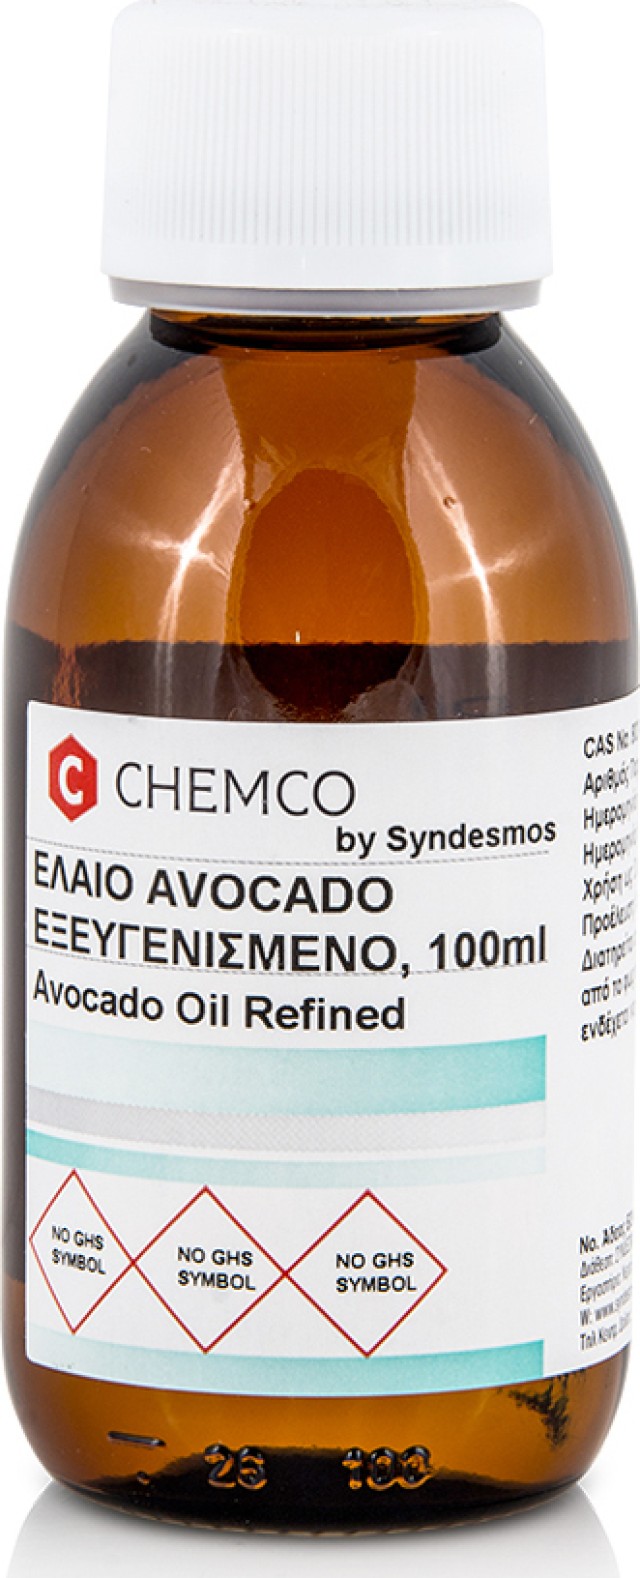 Chemco Avocado Oil Refined Έλαιο Αβοκάντο Εξευγενισμένο, 100ml
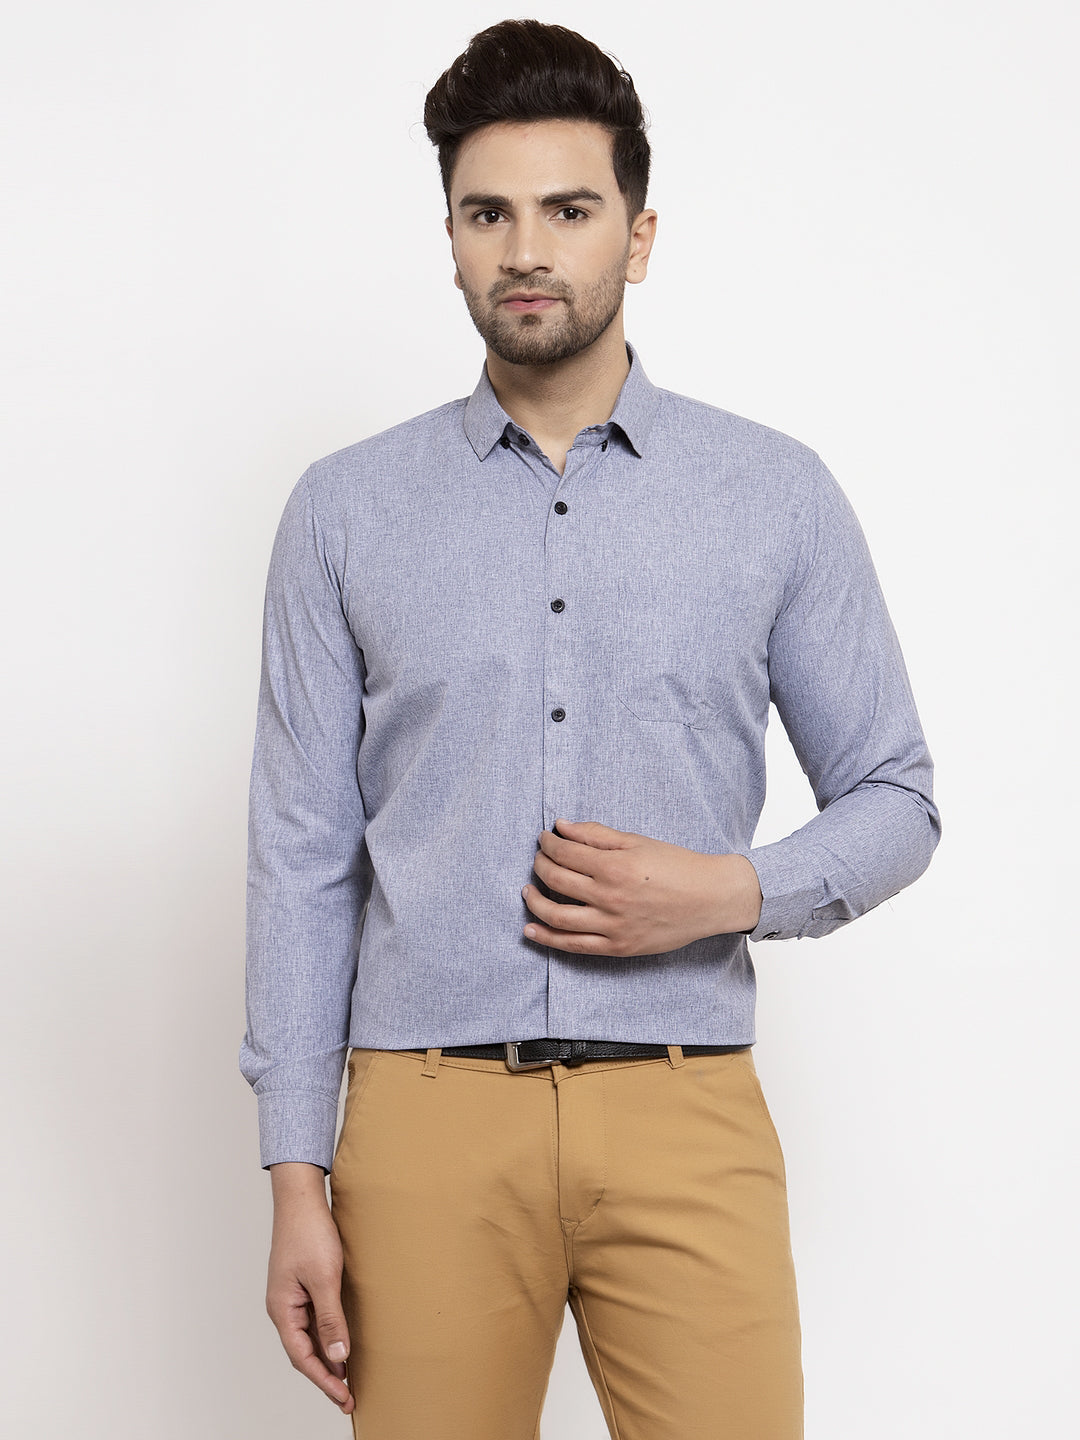 Men's Grey Cotton Solid Button Down Formal Shirts ( SF 734Light-Grey ) - Jainish
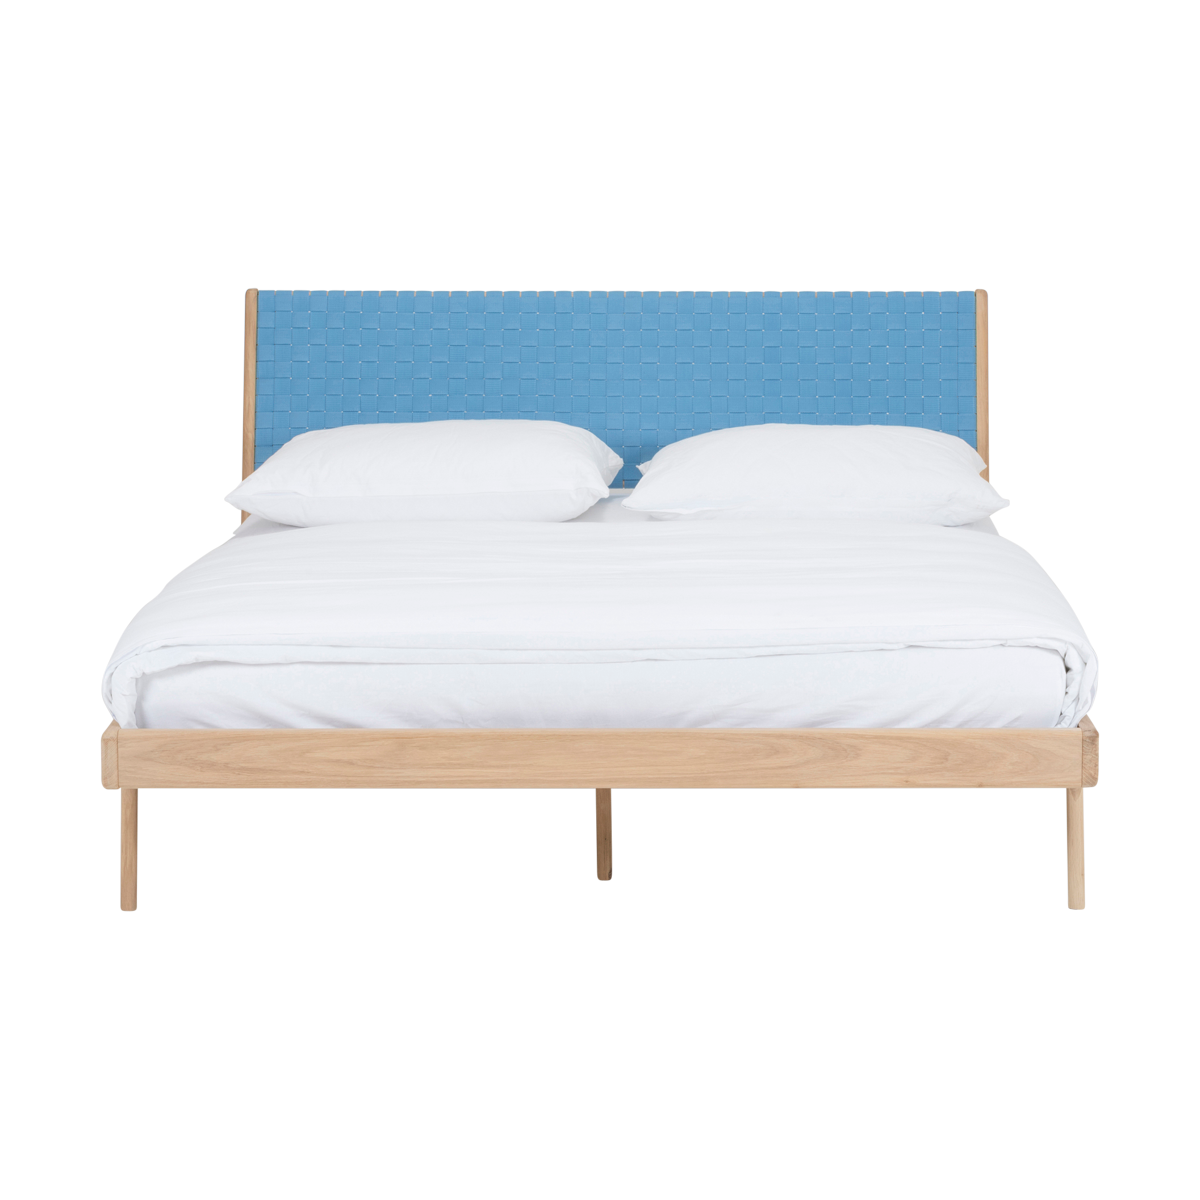 Fawn bed deep frame - Houten bed whitewash met cotton webbing blue 4581 - 180 x 200
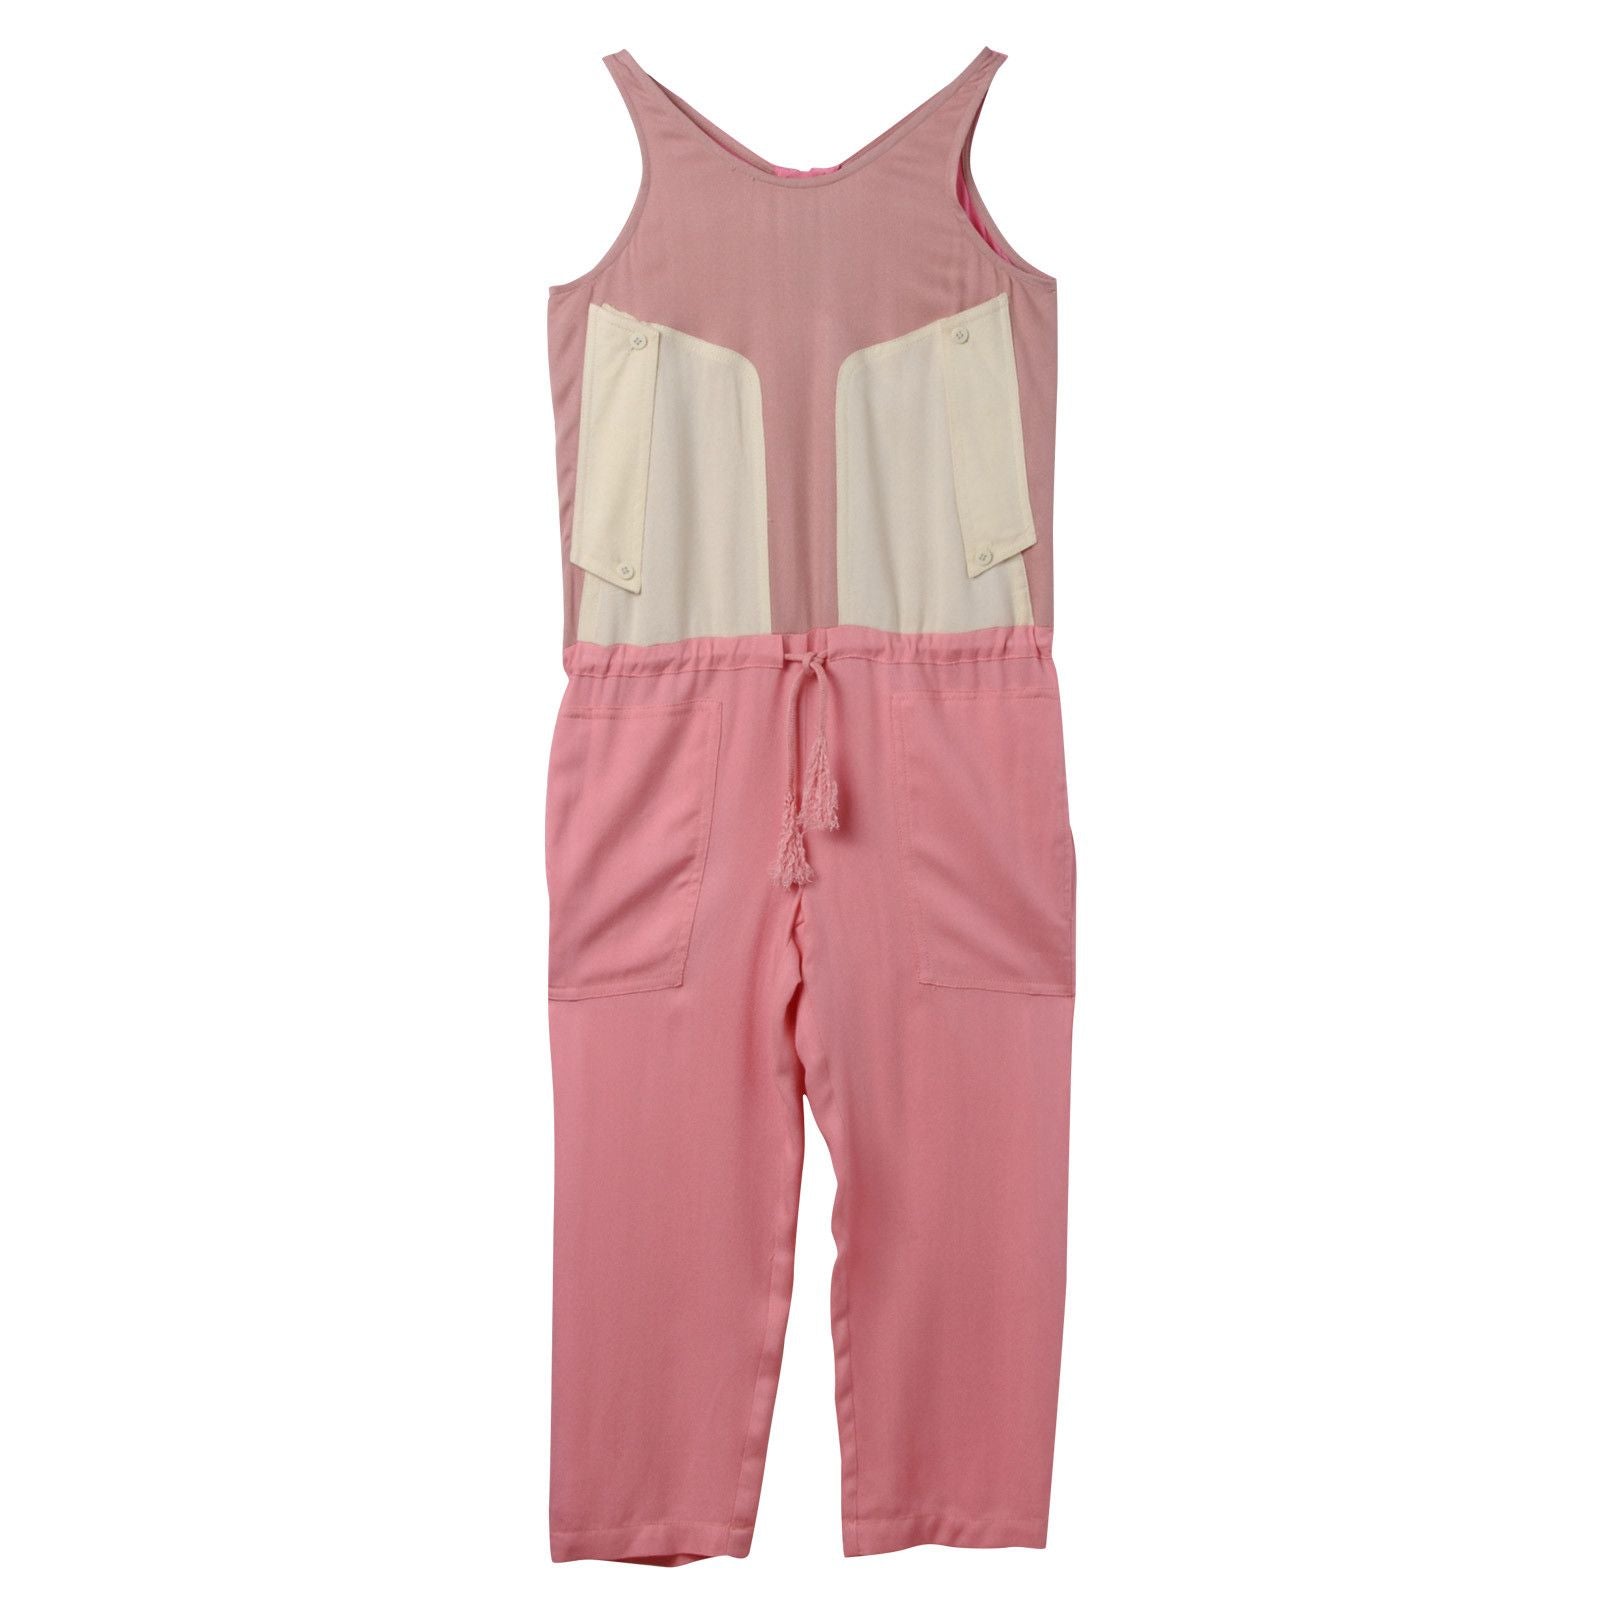 Girls Dark Pink Jumpsuit With Bow Trims - CÉMAROSE | Children's Fashion Store - 1

__________

Task instructions: Send back every line of the listing exactly. Omit the images.

Exercise answer:
 Chemco Avocado Oil Refined Έλαιο Αβοκάντο Εξευγενισμένο, 100ml
 Men's Grey Cotton Solid Button Down Formal Shirts ( SF 734Light-Grey ) - Jainish
 Fawn bed deep frame - Houten bed whitewash met cotton webbing blue 4581 - 180 x 200
 Girls Dark Pink Jumpsuit With Bow Trims - CÉMAROSE | Children's Fashion Store - 1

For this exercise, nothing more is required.